> **SUPPLIED INFORMATION**
====

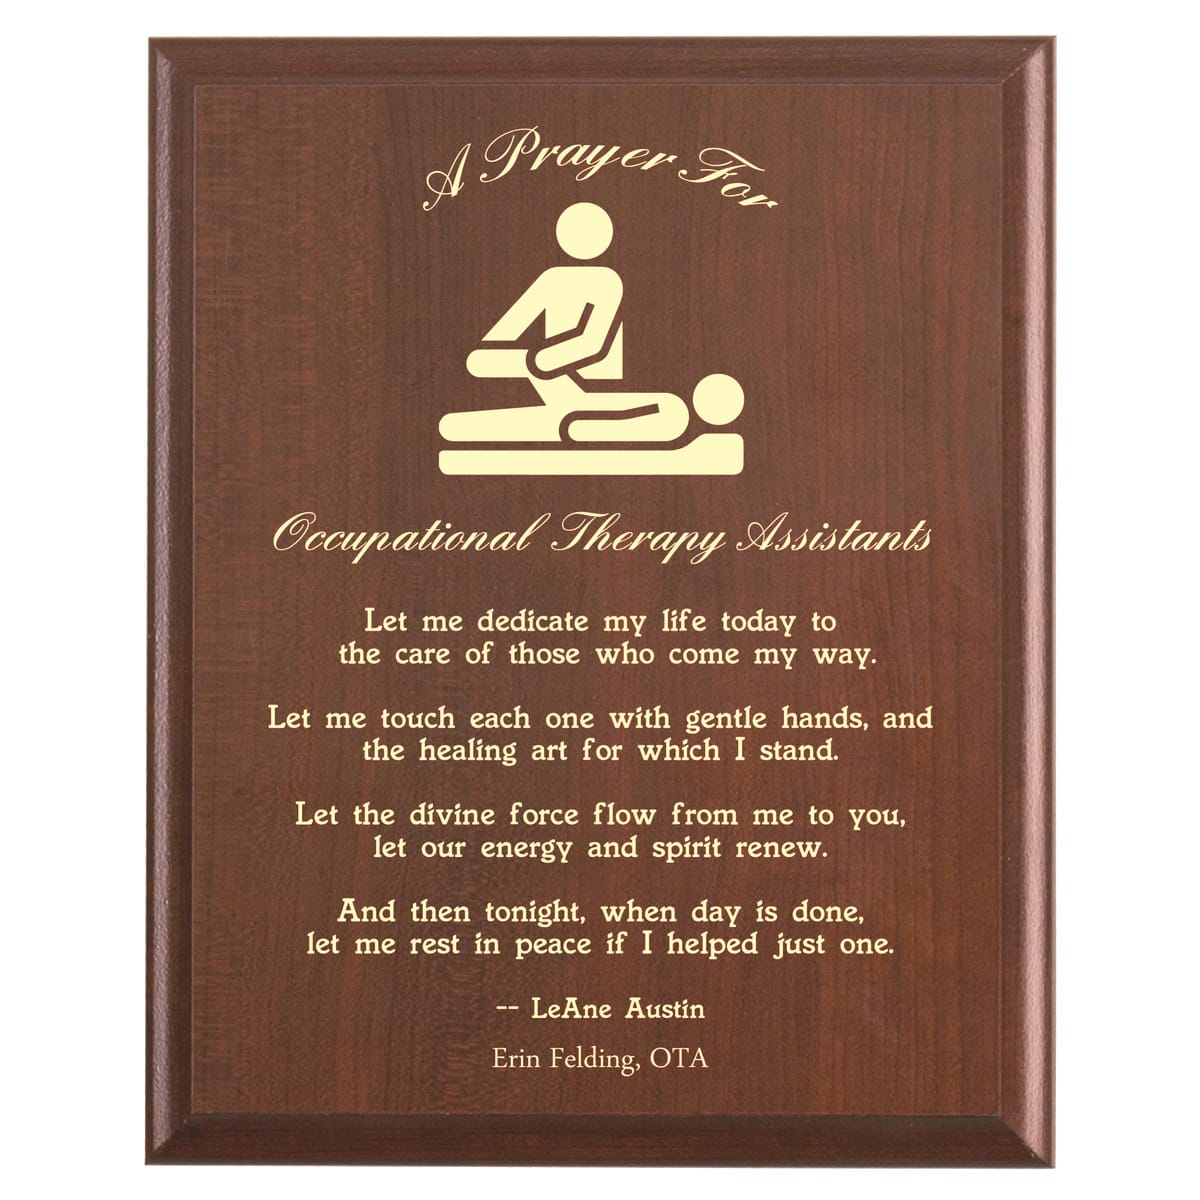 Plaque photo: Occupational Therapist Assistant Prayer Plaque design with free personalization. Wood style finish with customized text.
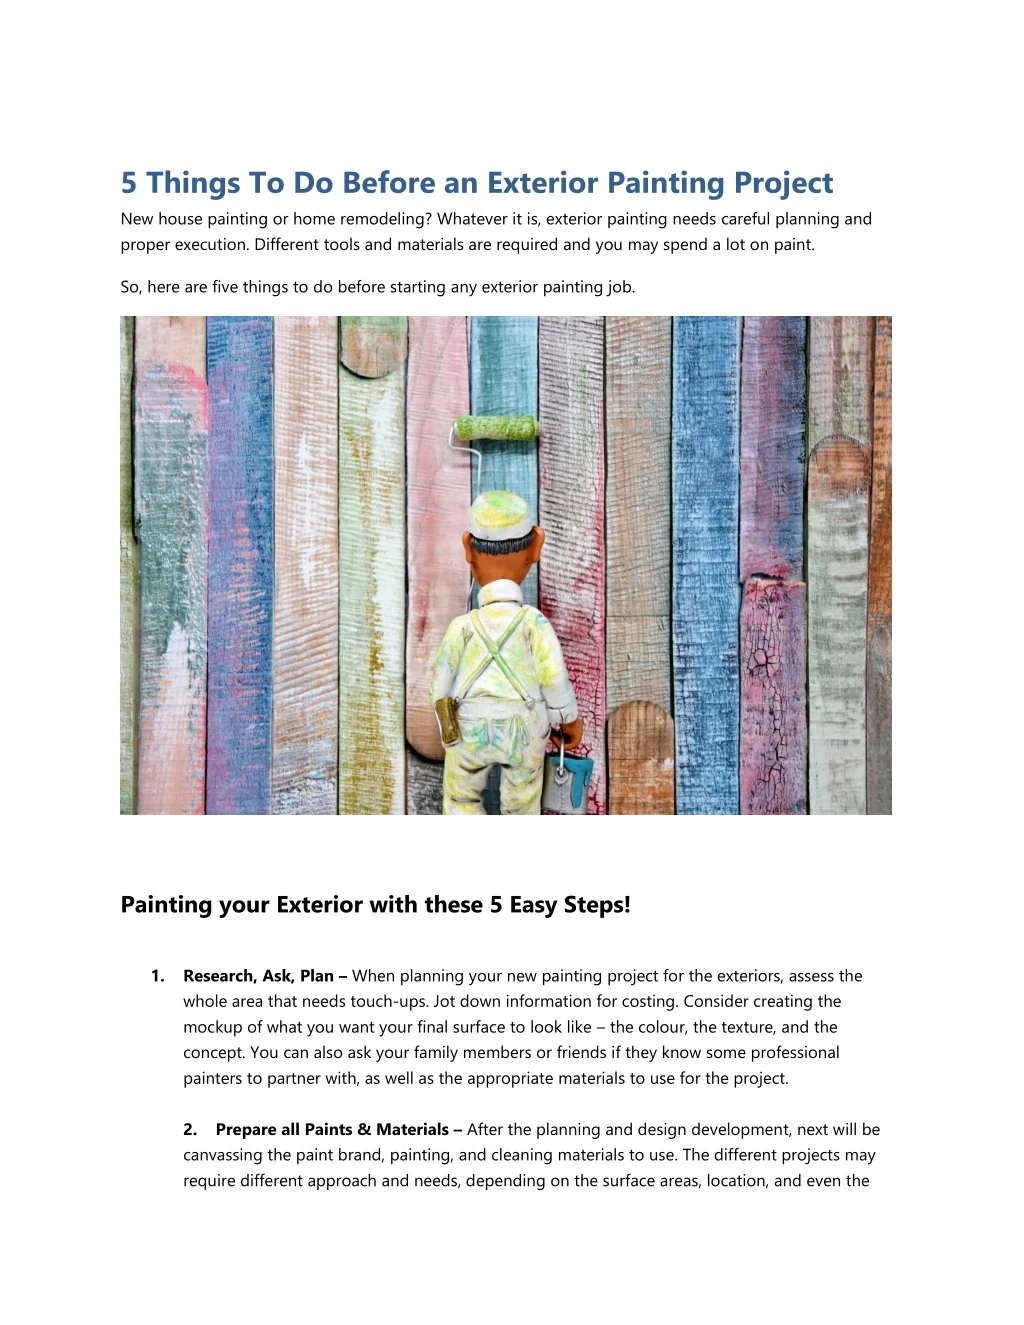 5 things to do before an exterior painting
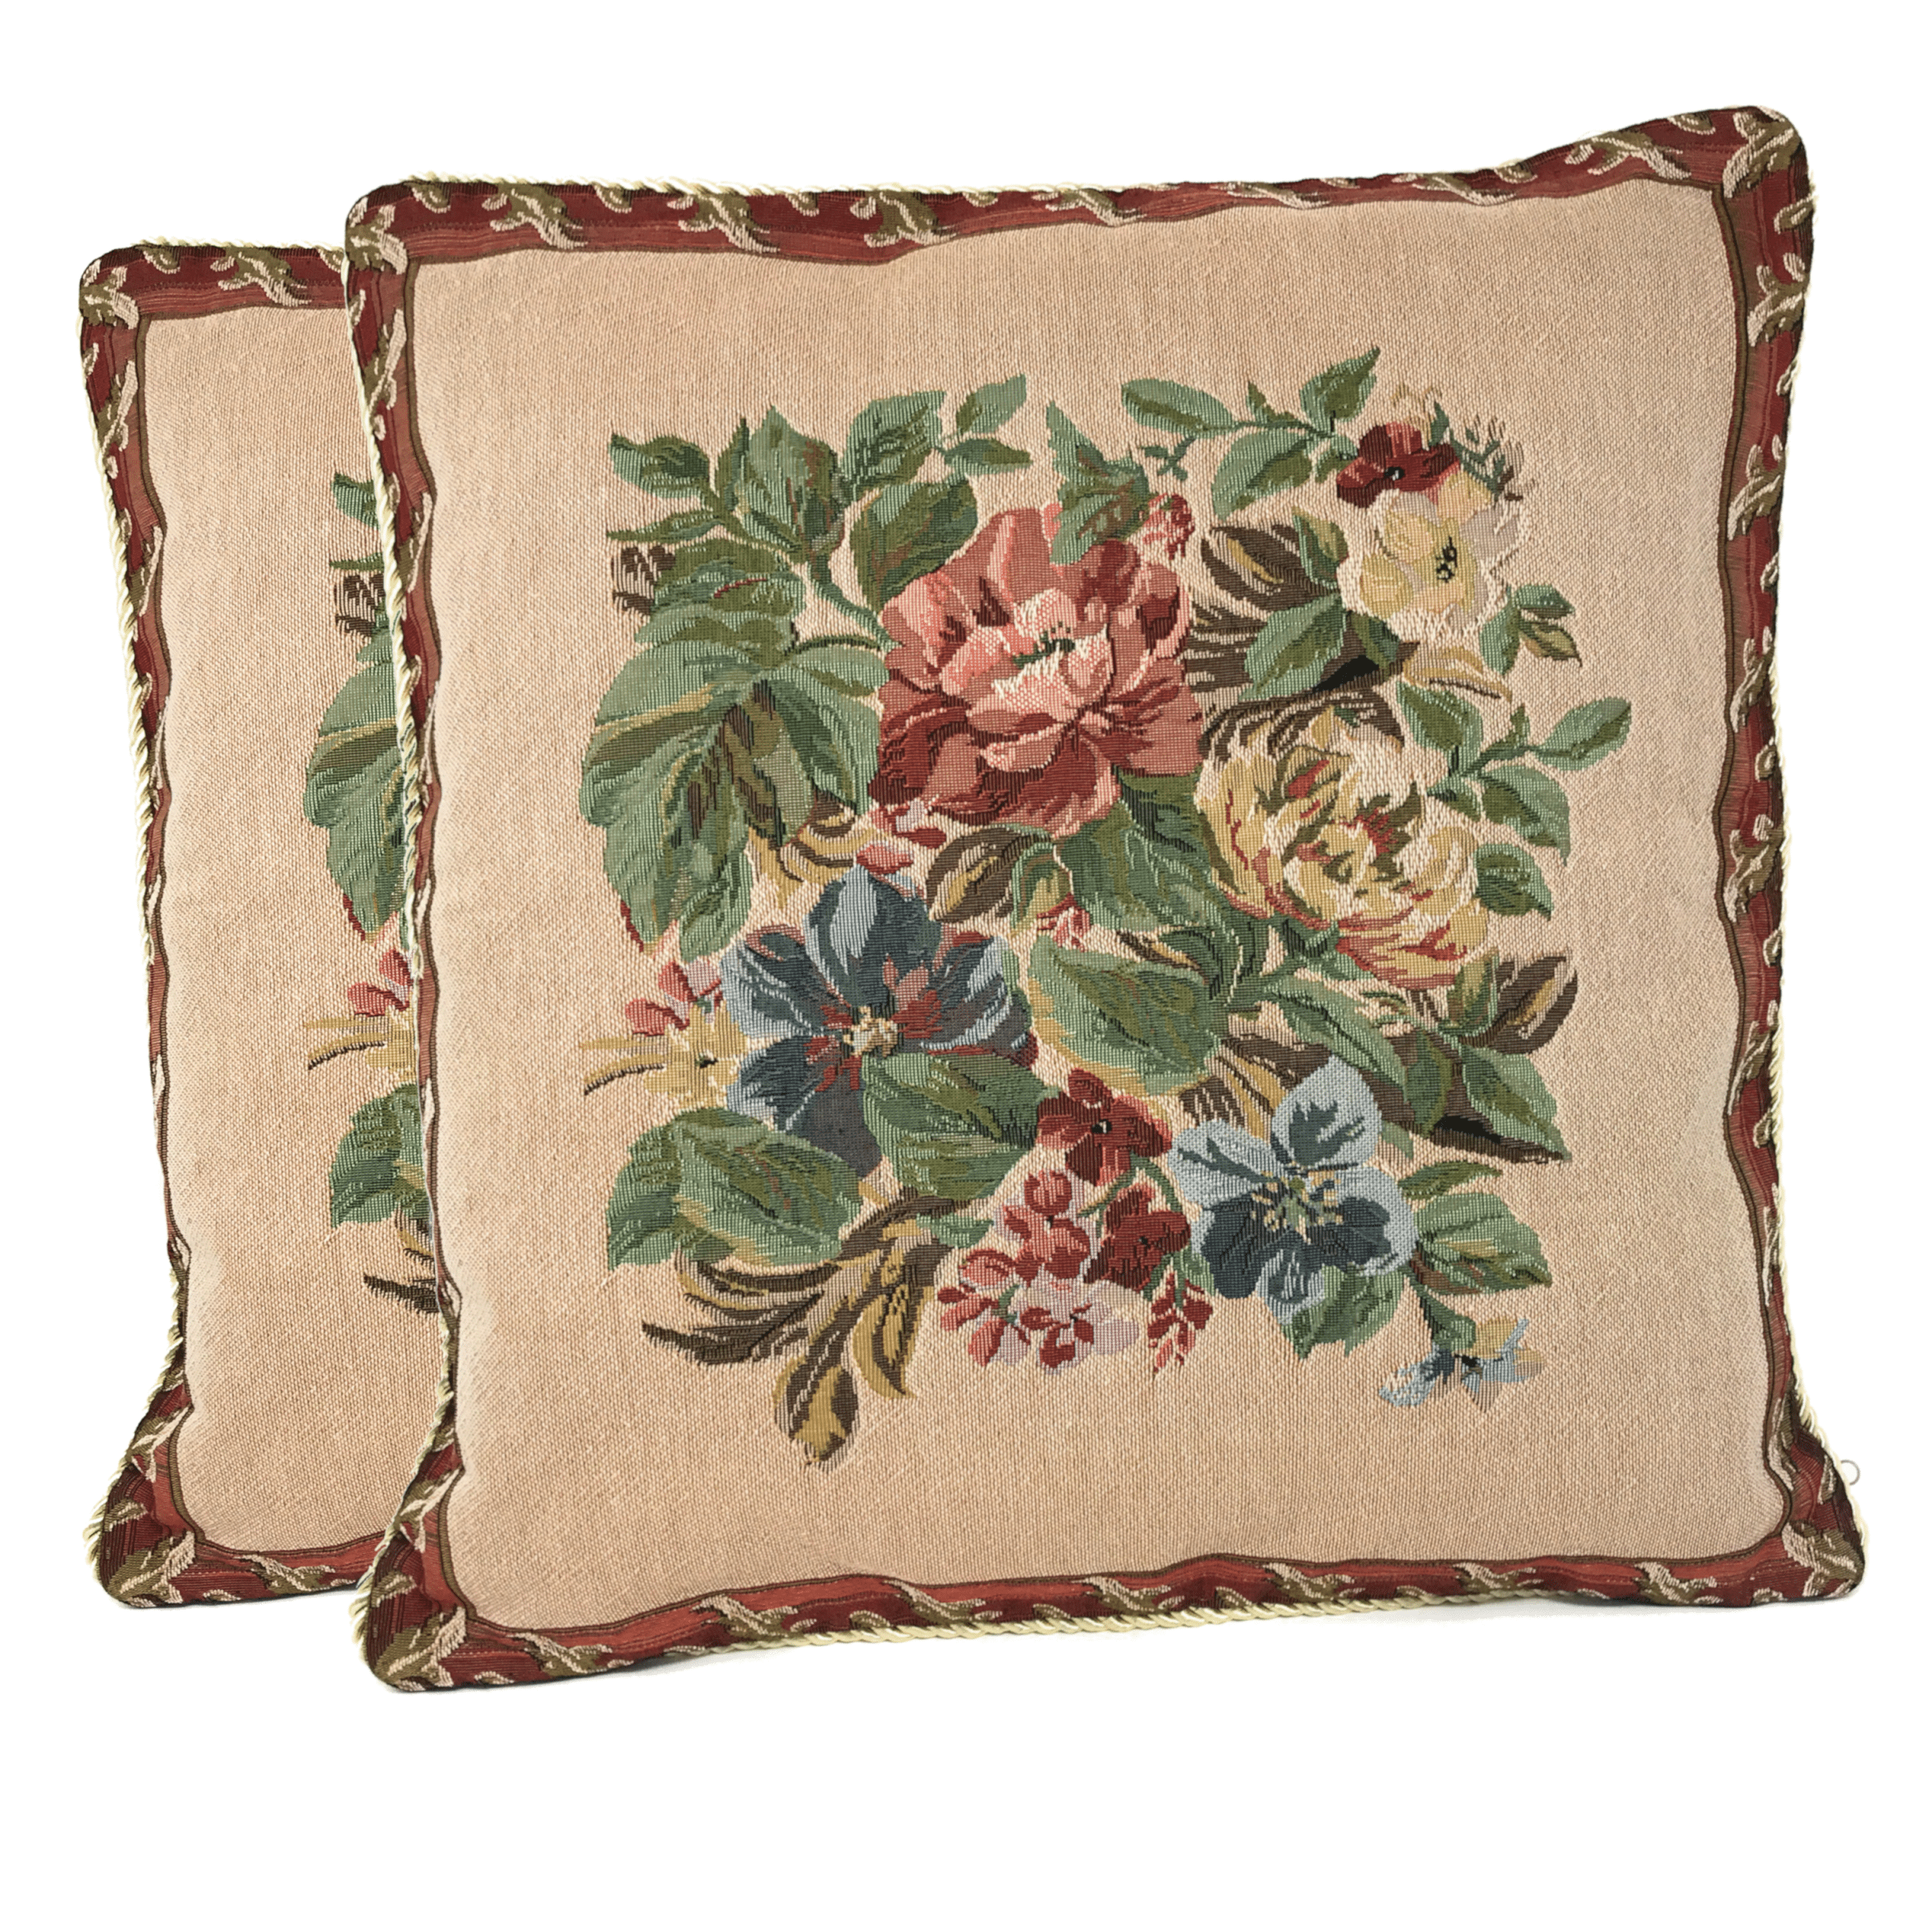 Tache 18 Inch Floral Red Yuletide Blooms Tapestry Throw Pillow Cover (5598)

====

> **TASK BRIEF**
Exclude every picture and restate the listing word for word.

> **ANSWER TO THE PROBLEM**
 Plaque photo: Occupational Therapist Assistant Prayer Plaque design with free personalization. Wood style finish with customized text.
 5 things to do before an exterior painting
 Tache 18 Inch Floral Red Yuletide Blooms Tapestry Throw Pillow Cover (5598)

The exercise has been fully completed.